To test whether this temperature sensitivity is a result of degradation via the N-end pathway as predicted, we deleted UBR1 from strains YHM11.2 and Wx257-5c to create strains YHM12.1 and YHM13.1, respectively. The UBR1 gene is required for the N-end rule pathway and for the temperature sensitivity of several alleles encoding degron fusions (21). We found that deleting UBR1 partially rescued the temperature sensitivity caused by pcs1td. Although deletion of UBR1 does not restore growth of the pcs1td strain at 37°C (Fig. 4 A, patch d), growth did occur at 36°C. These results confirm an important role for the N-end rule pathway in the loss of function for pcs1td.

pcs1td Strains Arrest as Large-budded Cells with a G2 Content of DNA

To determine whether depletion of PCS1 function causes arrest at a specific stage in the cell cycle, we shifted asynchronous liquid cultures of strains Wx257-5c (PCS1) and YHM11.2 (pcs1td) from 23° to 37°C and observed their behavior after various times. Fig. 4,B shows the relative proportions of unbudded, small-budded, and large-budded cells after 9 h at the restrictive temperature. About 90% of the pcs1td cells were found to be large budded at the restrictive temperature, compared with ∼30% for the culture continuing to grow at the permissive temperature. To investigate the kinetics of entry into this state of arrest, we used synchronous cultures of PCS1 and pcs1td obtained by arresting growth in G1 with α-factor and then shifting them to 37°C in fresh media without α-factor. Fig. 4, C and D, shows the proportions of cell types at time points after this shift. From this experiment it is clear that pcs1td cells underwent at least two cell divisions before becoming arrested as large-budded cells, since a second cycle of bud formation was evident at ∼5 h. We also noted a partial defect in cell separation, for pairs of budded cells remained attached to each other as the second cell cycle progressed. By 9 h after release from α-factor, ∼25% of the cells were detected as attached pairs of large-budded cells.

We also followed individual cells after shift to the restrictive temperature. Cells were arrested with α-factor, transferred to a plate, and observed after 27 h at 37°C. About half of the cells had arrested in the second cycle as two large-budded cells, while the other half had completed this cycle and undergone the same type of arrest in the third cycle. It has been observed that the effectiveness of the degron system improves if cells are held in stationary phase before the temperature shift (Dirick, L., personal communication). Accordingly, we permitted pcs1td cells to remain at stationary phase for 3 d at 23°C, at which time ∼90% were unbudded, transferred them to a plate, and again observed them after incubation for 27 h at 37°C. 50% of the cells reached the final stage of arrest as large-budded cells within the first cycle, 30% in the second cycle, and 20% in the third, suggesting that degron–Pcs1p was more effectively depleted in this experiment.

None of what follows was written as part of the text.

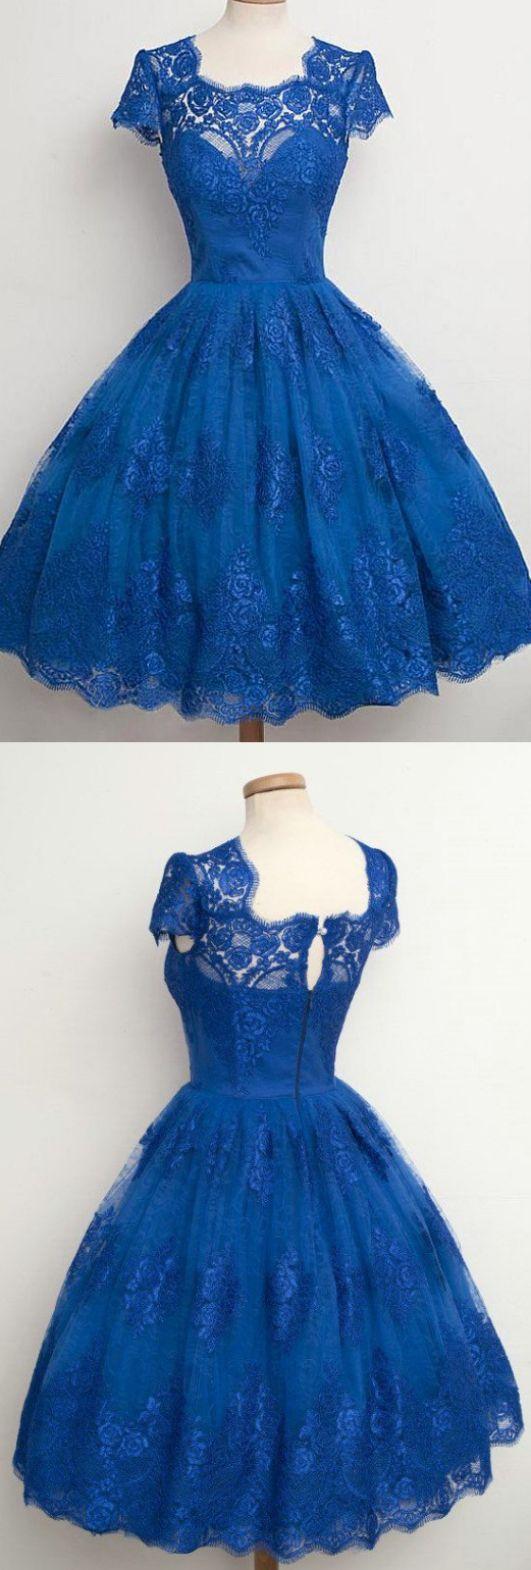 como elegir el vestido para las damas (4)

Flow cytometry experiments indicate that pcs1td cells arrest with a 2C (G2) content of DNA. Fig. 5,A shows the cytometry profiles of asynchronous PCS1 and pcs1td cultures at 23°C, where it can be seen that about equal proportions of pcs1td cells had apparent 1C and 2C DNA contents. After 9 h at 37°C, however, 87% of the pcs1td cells had accumulated in a state with a 2C content of DNA, whereas a higher proportion of PCS1 cells had a 1C content of DNA at 37°C than at 23°C (Fig. 5 B). These findings demonstrate that cells lacking PCS1 function undergo arrest in the division cycle after DNA synthesis, and that this function therefore must be required for progression from G2 into mitosis.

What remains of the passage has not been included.